Robotics emerged in the mid-20th century from industrial automation, grounded in Classical Control Theory with its focus on servo mechanisms and feedback loops for precise motion. Early artificial intelligence research introduced Deliberative Planning, where robots like Shakey used symbolic world models and search algorithms to reason sequentially about actions. This paradigm dominated academic robotics through the 1970s, emphasizing top-down, model-based approaches to problem-solving.
In the 1980s, Behavior-Based Robotics arose as a direct critique of deliberative systems, championed by Rodney Brooks. This school advocated for bottom-up, reactive architectures where simple behaviors directly coupled perception to action without central representations. It enabled robust real-time performance in dynamic environments, shifting focus from abstract planning to embodied interaction. This rivalry between deliberative and reactive philosophies defined much of the decade's research.

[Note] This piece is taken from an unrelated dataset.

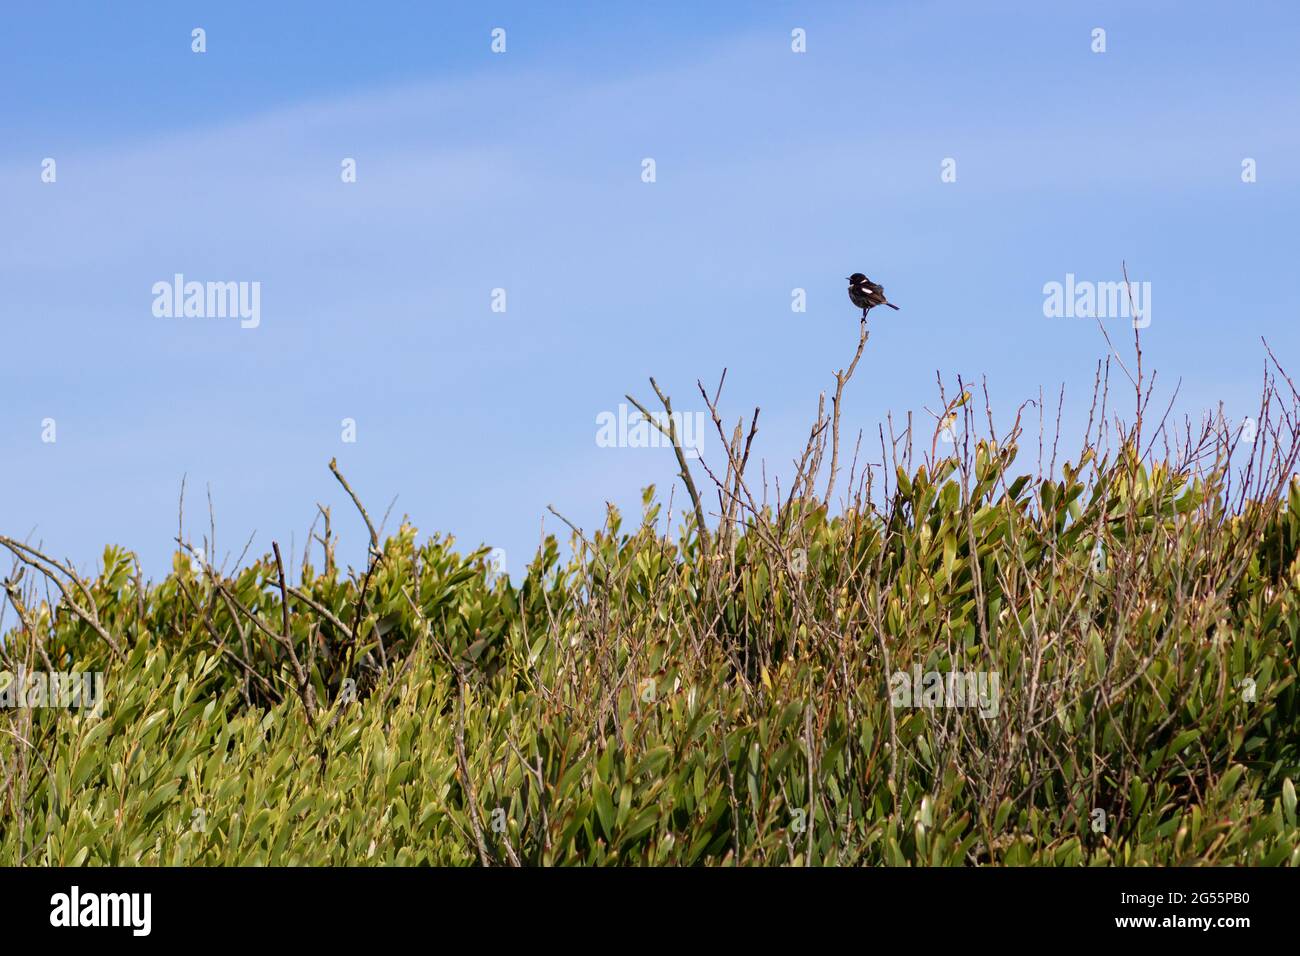 Tailleur de pierre africain debout sur une branche de brousse contre le ciel bleu. Photographie de paysage d'oiseau dans la zone côtière avec espace vide pour le texte Banque D'Images

By the 1990s, Hybrid Architectures evolved to combine deliberative planning with reactive execution, often in layered designs. Concurrently, Probabilistic Robotics gained prominence, systematically addressing sensor noise and uncertainty through Bayesian filtering and estimation techniques. This framework made scalable solutions like Simultaneous Localization and Mapping (SLAM) central to autonomous navigation, embedding statistical reasoning into robotic perception and control.
The 2000s saw the rise of Learning-Based Robotics, driven by advances in machine learning. Reinforcement learning and deep learning allowed robots to acquire skills from data rather than relying solely on hand-coded models. This paradigm emphasizes adaptation and generalization, though it contrasts with earlier model-based schools. Today, while integration is common, the rival frameworks of Classical Control, Deliberative Planning, Behavior-Based Robotics, Probabilistic Robotics, and Learning-Based Robotics continue to shape core methodologies and educational curricula in robotics.